Site Reliability Engineer (Mid/Senior)

Razer

Job Summary

Razer is seeking a Site Reliability Engineer (SRE) to join their AI Software team. This role focuses on ensuring the reliability, performance, scalability, and operational excellence of AI products, model-serving infrastructure, and backend API systems. The SRE will collaborate with software and AI teams to automate operations, enhance observability, and streamline deployments in a cloud-scale environment, building resilient systems and supporting AI workloads in production. Razer offers a global mission to revolutionize gaming and a unique, gamer-centric work experience for accelerated personal and professional growth.

Must Have

  • 4+ years of experience in SRE, DevOps, infrastructure engineering, or cloud operations
  • Experience operating production services with significant availability or scaling demands
  • Strong knowledge of Web Technologies such as HTTP, REST, SSL, Load Balancers, Web Proxies (NGINX)
  • Comfortable with Linux and Docker administration
  • Basic knowledge in AWS, CI/CD (Jenkins), IaC (Terraform), Container Orchestration (AWS ECS or K8s), Version Control (Git), Database (mySQL, noSQL)
  • Strong ability to code and script (preferably Bash scripting and Python)
  • Ability to use or quickly pick up a wide variety of open source technologies and automation tools
  • Understanding of GPU-based workloads and resource scheduling
  • Familiarity with vector databases, embeddings, and inference pipeline
  • Comfort with frequent, incremental code testing and deployment
  • Good analytical skills to debug deployment problems without developer help
  • Deep hands-on technical expertise and problem-solving skills
  • Ability to work in a collaborative, technically challenging environment with rapidly changing requirements
  • Bachelor’s or Master’s degree in computer science, AI or similar discipline

Perks & Benefits

  • Opportunity to make a global impact
  • Work across a global team located across 5 continents
  • Unique, gamer-centric #LifeAtRazer experience
  • Accelerated personal and professional growth
  • Certified as a Great Place to Work® in United States and Singapore

Job Description

Job Responsibilities :

We are looking for Site Reliability Engineers (SRE) to join our AI Software team. In this role, you will ensure the reliability, performance, scalability, and operational excellence of AI products, model-serving infrastructure, and backend API systems. You’ll work closely with software engineers, AI teams and release teams to automate operations, enhance observability, and streamline deployments in a cloud-scale environment. This role is ideal for someone who enjoys building resilient systems, solving complex infrastructure problems, and supporting AI workloads in production.

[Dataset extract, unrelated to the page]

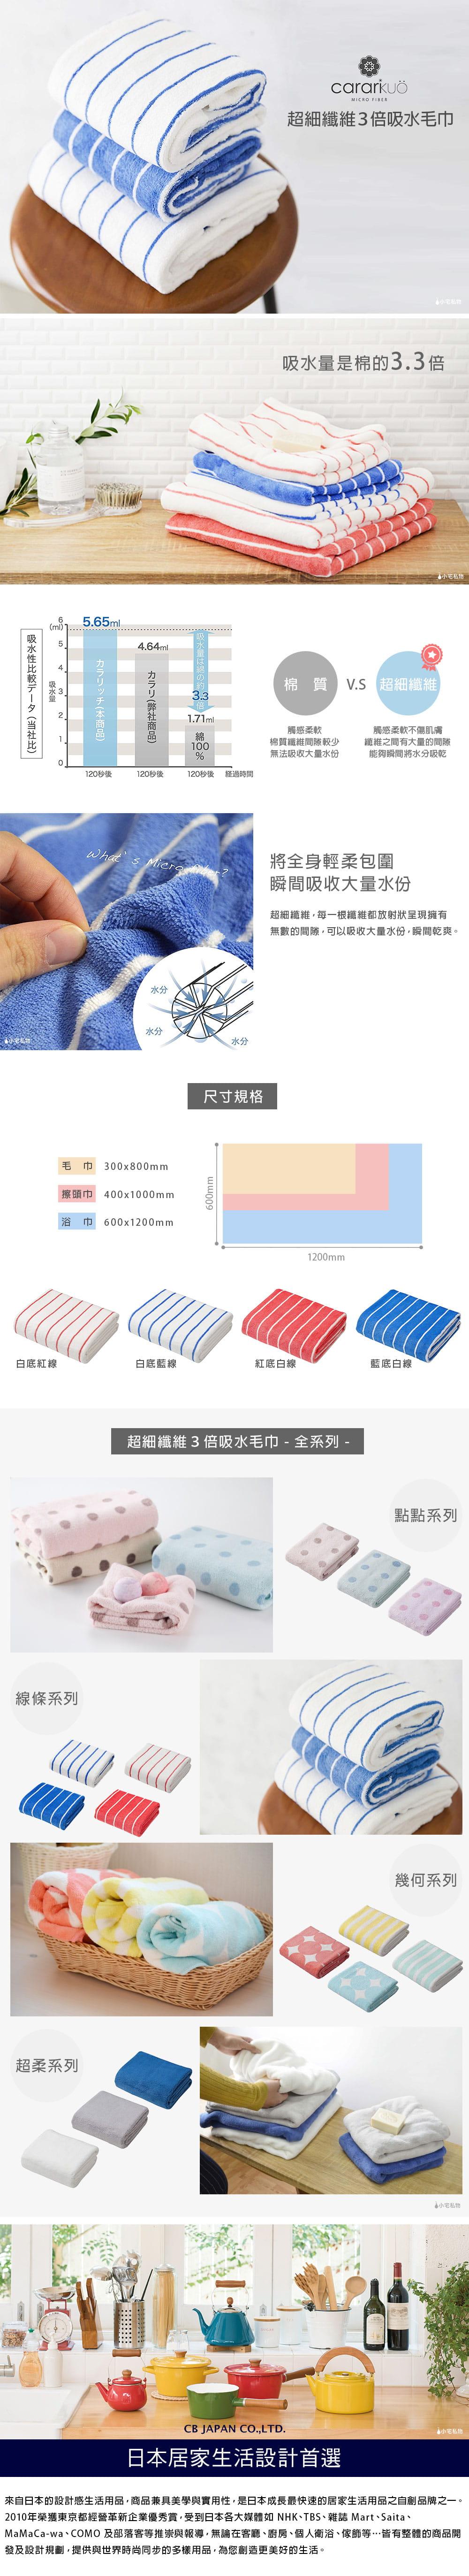 CB Japan 泡泡糖 線條系列 超細纖維3倍吸水擦頭巾 - 藍底白線
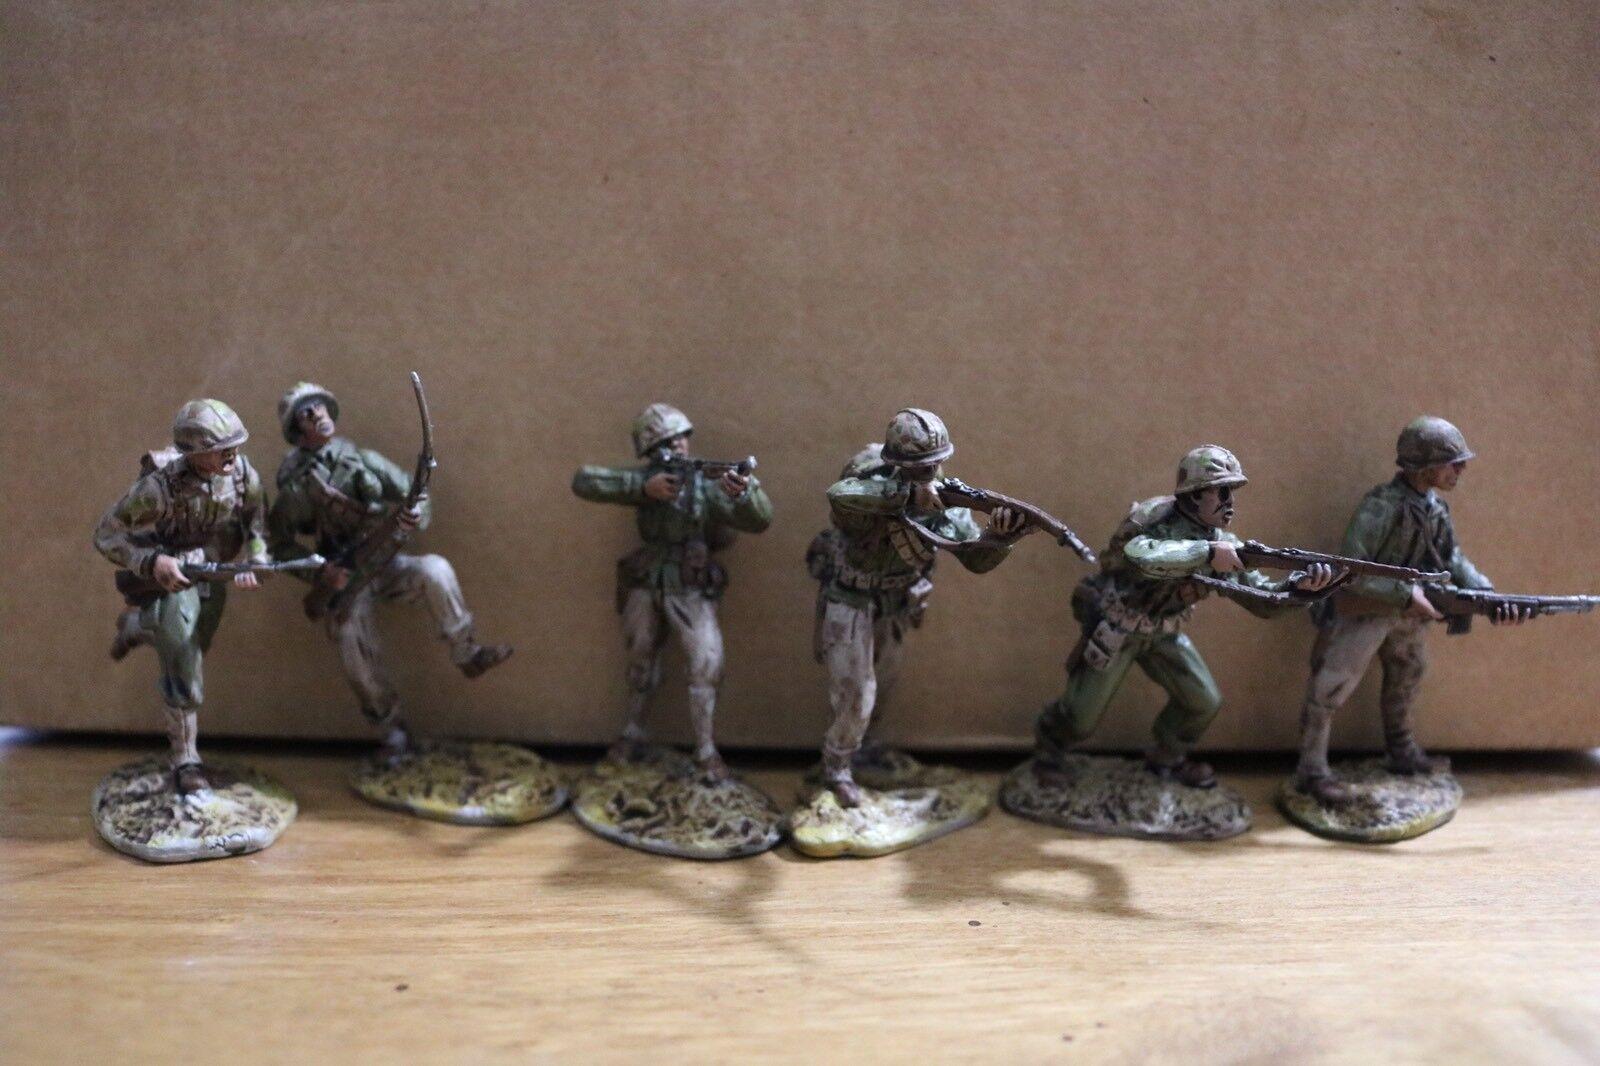 vendita outlet Well Painted plastic World War 2 cifras marines Squad Squad Squad  ordina ora i prezzi più bassi

Essential Duties and Responsibilities

  • Administer, monitor, and manage cloud-scale production environments for AI model APIs, backend services, and high-traffic web systems serving global users.
  • Design and implement fault-tolerant, autoscaling cloud architectures tailored for AI inference workloads, including GPU-based environments and software products.
  • Build automated self-recovery systems to ensure high availability, rapid failover, and cost-efficient resource usage for all software products.
  • Manage and monitor AI model-serving platforms, inference engines, vector databases, data pipelines, software applications
  • Ensure reliability and uptime for experimental, production AI software environments.
  • Implement and maintain comprehensive monitoring, logging, and alerting for all AI and backend services.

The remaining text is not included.